Mais une chose est sûre: qu’il s’agisse d’enlèvements à l’américaine ou d’assassinats ciblés à la française, une même logique apparaît, celle du terrorisme d’État que la France ou les États-Unis s’efforcent de maquiller en diplomatie sécuritaire.

Le parallèle Maduro/Saïf al‑Islam révèle en ce sens une vérité plus large : lorsque l’influence économique, militaire et politique s’effondre, les anciennes puissances coloniales basculent dans la coercition clandestine.

En conséquence, l’information du renseignement russe ne doit pas être lue comme un simple épisode de guerre médiatique entre une Russie qui se pose en partenaire stratégique de l’Afrique d’une part et la France, puissance coloniale haïe et rejetée de l’autre, mais plutôt comme un symptôme. 

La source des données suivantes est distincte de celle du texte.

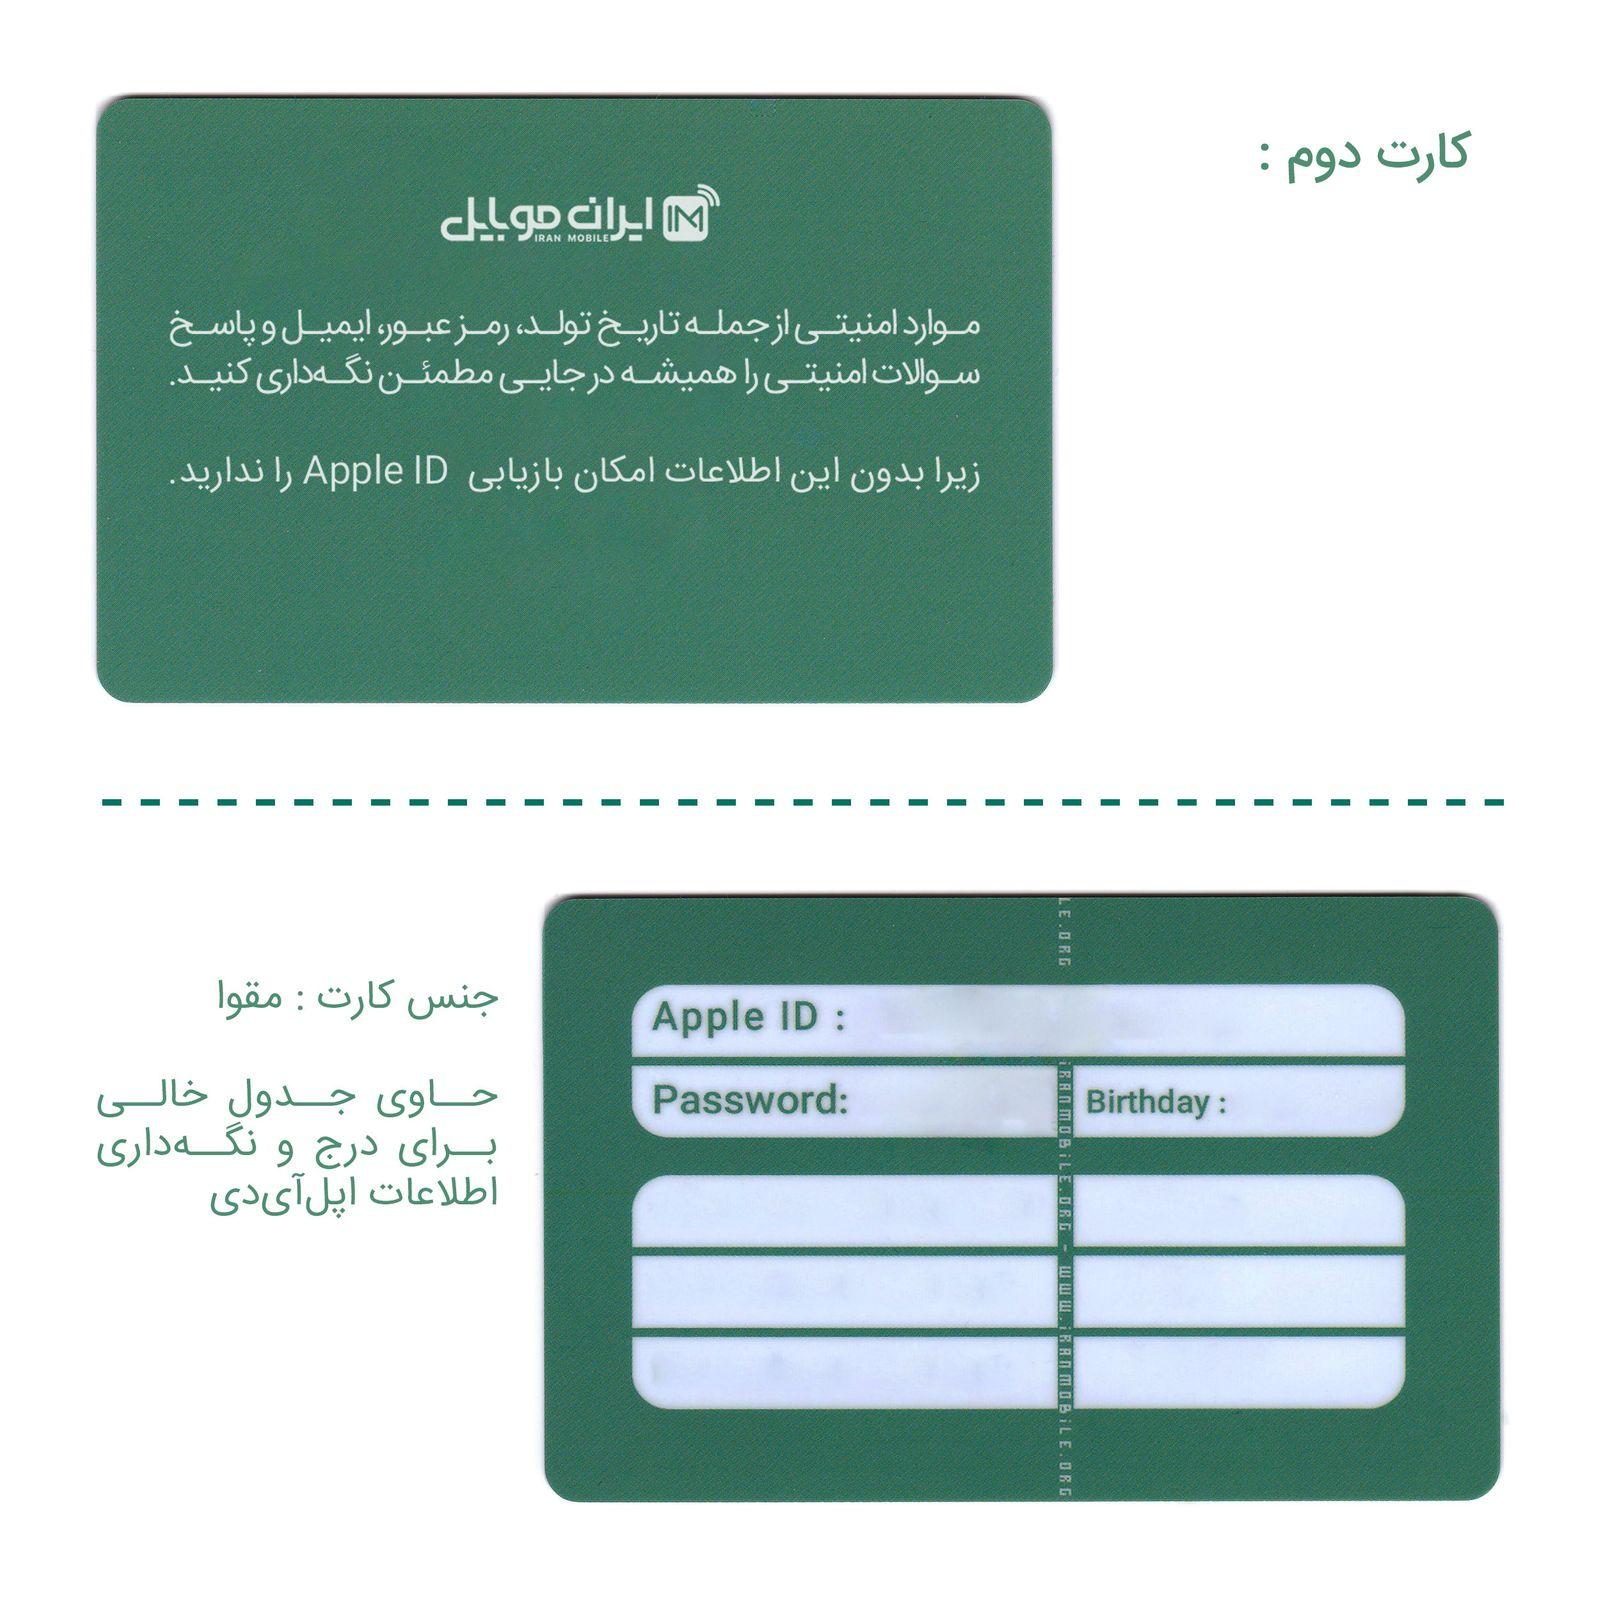 کارت اپل آیدی بدون اعتبار اولیه مدل IM-10 بسته 10 عددی thumb 2 4
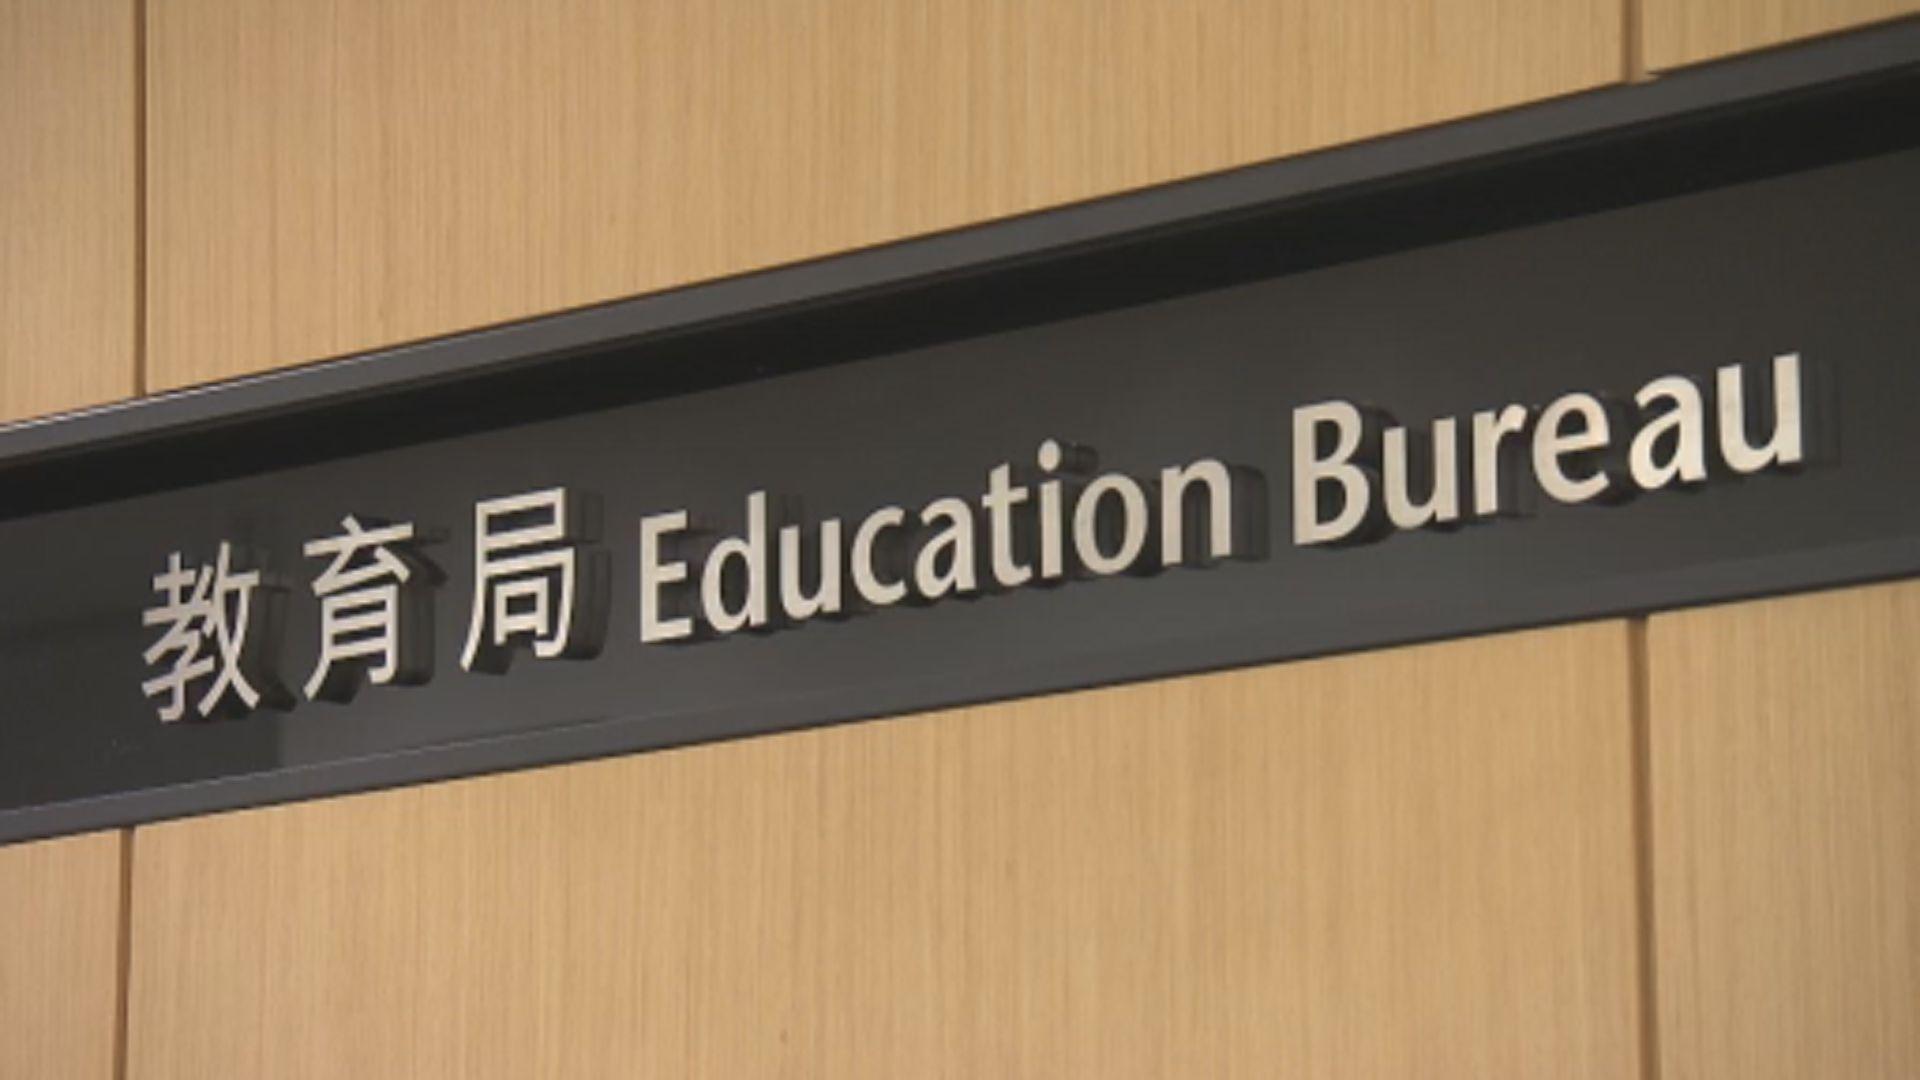 【最新】教育局建議學校彈性處理學生遲到或缺席

Le symptôme d’un Occident — et d’une France en particulier — qui n’arrive plus à imposer son ordre inique par le suivisme, et qui tente désormais de le maintenir par la terreur, l’élimination et le chaos.

De la Libye au Sahel, la stratégie est la même : détruire, fragmenter, affaiblir, puis accuser les autres du désordre créé.

Mais le monde a changé. Les peuples africains ont compris. Et copier le “modèle Trump” ne restaurera pas une pseudo grandeur perdue. Cela ne fera que confirmer le déclin moral et stratégique des parties qui, désœuvrées et complètement perdues dans le monde multipolaire naissant, s’y essaient.

Robert Maillard est un écrivain et analyste militaire basé à Paris.